Ядвига Викентьевна прекрасно знала французский язык. Ради папы, с которым они общались только на французском, согласилась заняться мной. У меня появилась подруга, воспитательница, учительница. С ней я с удовольствием учила все названия животных, птиц и растений по-французски, гуляла в городском саду, ходила на уроки балета. Очень скоро, в пять лет, я написала по-французски письмо дяде в Англию. Это было мое первое в жизни письмо. Мы читали истории мадам де Сегюр, томики в сафьяновых переплетах, которые дарила Ядвига Викентьевна. Там говорилось о кошечках и собачках, о девочках и мальчиках девятнадцатого века. Очень душещипательно. Она приносила мне и дореволюционные книжки с картинками на русском языке.

Каково же было мое удивление, когда я попала в настоящую школу. Правда, первый учебный год был недолгим. Я заболела скарлатиной в тяжелой форме. Мама только что родила второго младшего брата, а оставить меня одну в больнице было невозможно. Со мной пошла Ядвига Викентьевна. Мы там провели положенный карантинный срок. Всего более двух месяцев. Ядвига Викентьевна была практически под арестом. После этого она меня оставила, ей самой нужна была помощь. Она тогда чуть с ума не сошла и вернулась только в экстремальной ситуации, когда меня нужно было срочно выручать и подготовить в новой школе по основным предметам. Из «дебилок» я стала самой грамотной по русскому языку и лучшей по литературе. Ядвига Викентьевна вскоре умерла, а я осталась одна без старшего товарища.
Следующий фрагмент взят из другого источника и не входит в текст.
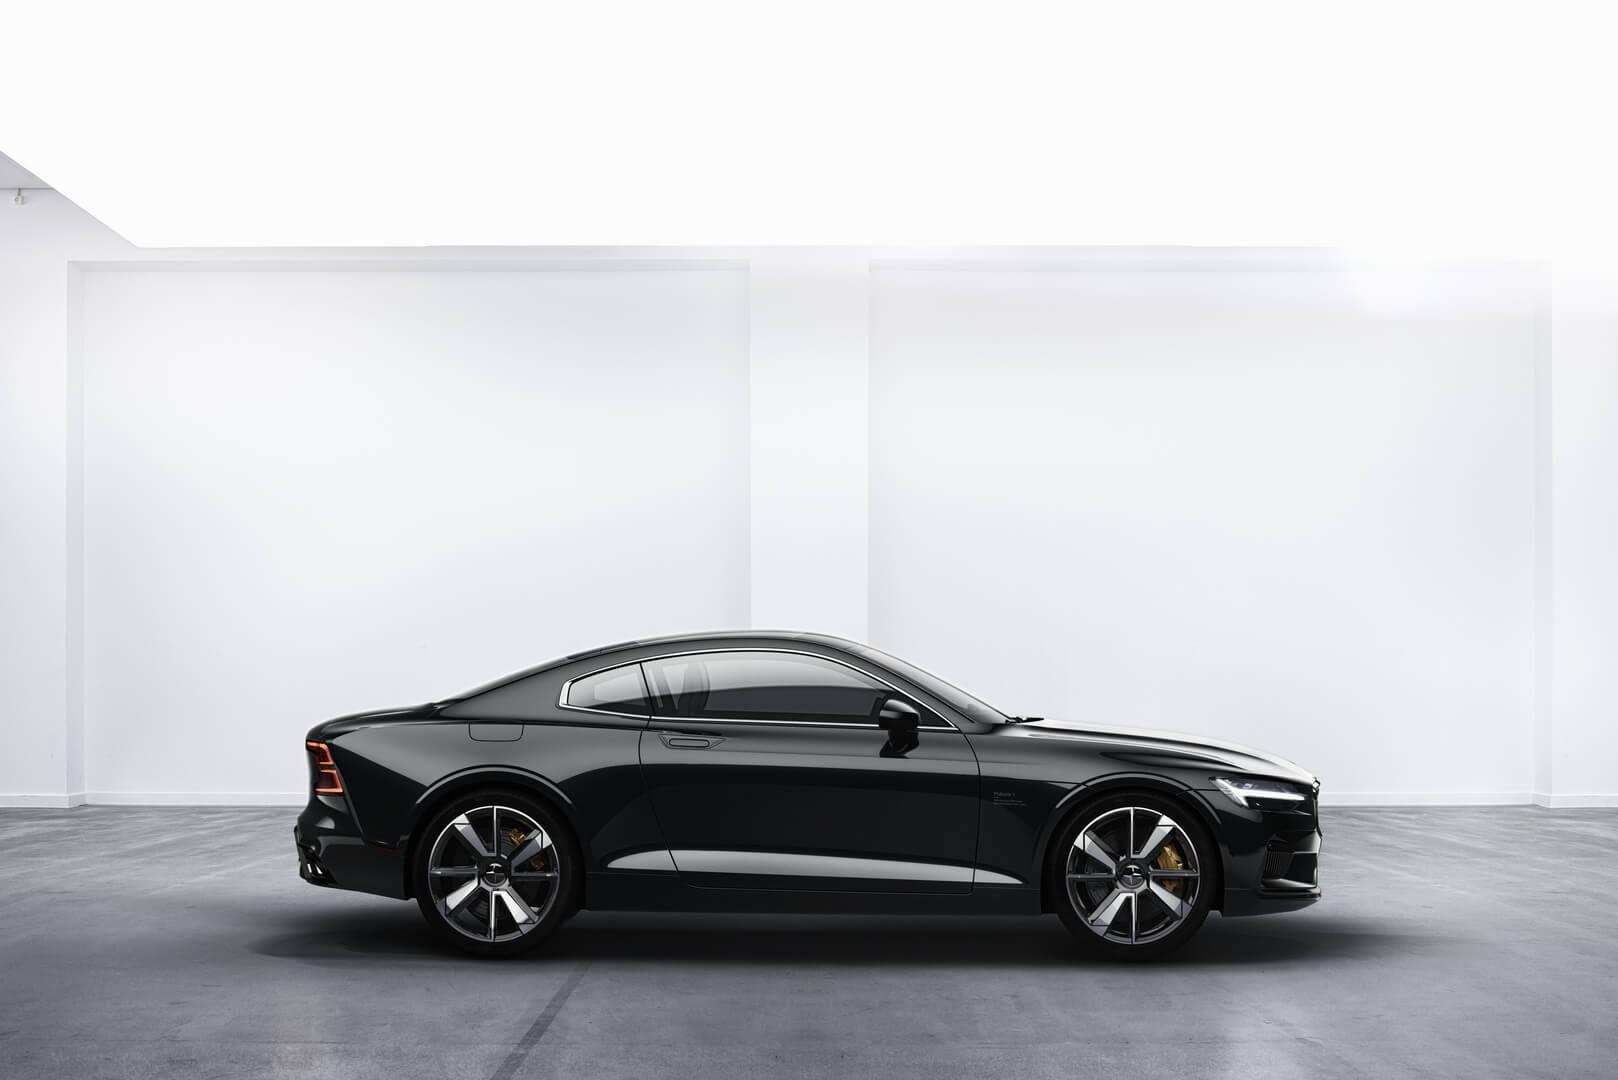 Brend Polestar kompanii Volvo pristupil k sborke prototipa sportkara

В новой школе учительницей была заезжая офицерская жена из военгородка. Говорила она «портфель», «доцент». Половина детей нашего класса тоже была оттуда; дети младшего офицерского состава. Книжки читали про партизан, Зою Космодемьянскую, «Молодую гвардию», «Генерала Доватора», а над моим французским смеялись до колик в животе. Это был позор, и больше я слышать ни о каких иностранных языках не хотела. Все красивые книжки в сафьяновых переплетах были задвинуты в задний ряд шкафа.

Я стала забывать язык. Через несколько лет меня все же удалось снова пристроить. К Нине Рачковской. Нина была не от мира сего. В тридцать лет за нее все решала мама. Они убежали в Литву из Москвы после революции. Отца их расстреляли большевики. Нинин брат, талантливый врач, утонул, и мать уехала вслед за Ниной в Париж. Нина была писаной красавицей, хотела стать актрисой, но, видимо, глупость и недостаток таланта ей помешали. В Париже ее знала как красавицу вся русско-литовская артистическая колония.